_YOUR INSTRUCTIONS_
The following data has a line with "Gianni Brezzo's latest" and a line with "CANDIDATAS OFICIALES AL". Write out exactly those lines and all the lines between them.

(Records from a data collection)
+ + + + + + +
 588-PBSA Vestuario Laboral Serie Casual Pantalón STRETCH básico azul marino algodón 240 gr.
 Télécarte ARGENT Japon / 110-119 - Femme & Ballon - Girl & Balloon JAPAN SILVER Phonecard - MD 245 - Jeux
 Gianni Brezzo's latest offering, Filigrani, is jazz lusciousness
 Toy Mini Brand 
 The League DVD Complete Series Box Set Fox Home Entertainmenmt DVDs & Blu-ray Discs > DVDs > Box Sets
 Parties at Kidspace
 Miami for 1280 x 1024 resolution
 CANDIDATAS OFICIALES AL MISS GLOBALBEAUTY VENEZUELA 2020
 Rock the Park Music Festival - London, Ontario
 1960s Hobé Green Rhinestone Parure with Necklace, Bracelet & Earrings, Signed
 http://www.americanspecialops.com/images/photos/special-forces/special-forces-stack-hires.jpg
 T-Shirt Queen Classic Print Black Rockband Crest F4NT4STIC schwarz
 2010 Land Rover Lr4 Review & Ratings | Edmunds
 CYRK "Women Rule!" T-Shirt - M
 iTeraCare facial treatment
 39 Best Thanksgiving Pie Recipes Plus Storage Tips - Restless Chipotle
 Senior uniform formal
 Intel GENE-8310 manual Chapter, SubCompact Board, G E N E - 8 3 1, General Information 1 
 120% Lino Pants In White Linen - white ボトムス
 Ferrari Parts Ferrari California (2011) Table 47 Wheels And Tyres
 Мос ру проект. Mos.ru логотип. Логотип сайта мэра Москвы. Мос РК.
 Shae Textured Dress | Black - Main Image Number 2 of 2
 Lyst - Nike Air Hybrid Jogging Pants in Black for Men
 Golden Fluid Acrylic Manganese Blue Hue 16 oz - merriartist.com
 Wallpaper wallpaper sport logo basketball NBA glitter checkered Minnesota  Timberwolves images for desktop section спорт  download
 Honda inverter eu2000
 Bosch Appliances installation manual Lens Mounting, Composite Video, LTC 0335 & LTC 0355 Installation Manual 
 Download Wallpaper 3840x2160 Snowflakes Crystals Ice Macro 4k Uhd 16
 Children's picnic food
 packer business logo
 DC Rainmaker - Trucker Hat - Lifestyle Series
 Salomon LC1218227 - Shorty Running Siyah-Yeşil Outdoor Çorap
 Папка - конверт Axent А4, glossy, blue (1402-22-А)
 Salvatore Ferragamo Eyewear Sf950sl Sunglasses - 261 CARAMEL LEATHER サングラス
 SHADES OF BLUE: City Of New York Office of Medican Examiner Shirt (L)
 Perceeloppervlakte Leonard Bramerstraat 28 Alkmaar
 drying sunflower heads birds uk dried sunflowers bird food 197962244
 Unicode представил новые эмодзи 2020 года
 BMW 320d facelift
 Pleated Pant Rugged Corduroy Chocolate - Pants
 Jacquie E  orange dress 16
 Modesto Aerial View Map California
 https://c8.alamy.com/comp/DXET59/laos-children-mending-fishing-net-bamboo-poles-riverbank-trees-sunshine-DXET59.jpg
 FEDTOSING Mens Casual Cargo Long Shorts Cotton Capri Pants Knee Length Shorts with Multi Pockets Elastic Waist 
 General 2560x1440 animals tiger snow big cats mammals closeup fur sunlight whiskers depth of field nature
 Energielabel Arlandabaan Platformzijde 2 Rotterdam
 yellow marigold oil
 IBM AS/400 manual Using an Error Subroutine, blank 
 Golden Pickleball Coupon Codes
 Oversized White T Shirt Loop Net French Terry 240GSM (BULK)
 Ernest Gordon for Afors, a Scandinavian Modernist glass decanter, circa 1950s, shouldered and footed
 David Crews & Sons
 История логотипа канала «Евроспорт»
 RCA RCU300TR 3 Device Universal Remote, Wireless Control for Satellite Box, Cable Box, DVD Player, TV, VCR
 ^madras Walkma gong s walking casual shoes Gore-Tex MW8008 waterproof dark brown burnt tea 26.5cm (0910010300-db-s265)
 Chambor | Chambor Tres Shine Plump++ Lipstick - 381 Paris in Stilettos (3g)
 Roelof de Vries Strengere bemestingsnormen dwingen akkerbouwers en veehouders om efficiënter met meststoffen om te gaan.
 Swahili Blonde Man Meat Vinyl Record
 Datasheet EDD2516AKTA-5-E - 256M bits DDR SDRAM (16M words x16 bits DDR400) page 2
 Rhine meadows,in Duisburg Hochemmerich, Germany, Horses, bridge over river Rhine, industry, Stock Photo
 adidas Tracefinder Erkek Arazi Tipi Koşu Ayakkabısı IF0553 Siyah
+ + + + + + +
_ANSWER FOR THIS EXERCISE_
 Gianni Brezzo's latest offering, Filigrani, is jazz lusciousness
 Toy Mini Brand 
 The League DVD Complete Series Box Set Fox Home Entertainmenmt DVDs & Blu-ray Discs > DVDs > Box Sets
 Parties at Kidspace
 Miami for 1280 x 1024 resolution
 CANDIDATAS OFICIALES AL MISS GLOBALBEAUTY VENEZUELA 2020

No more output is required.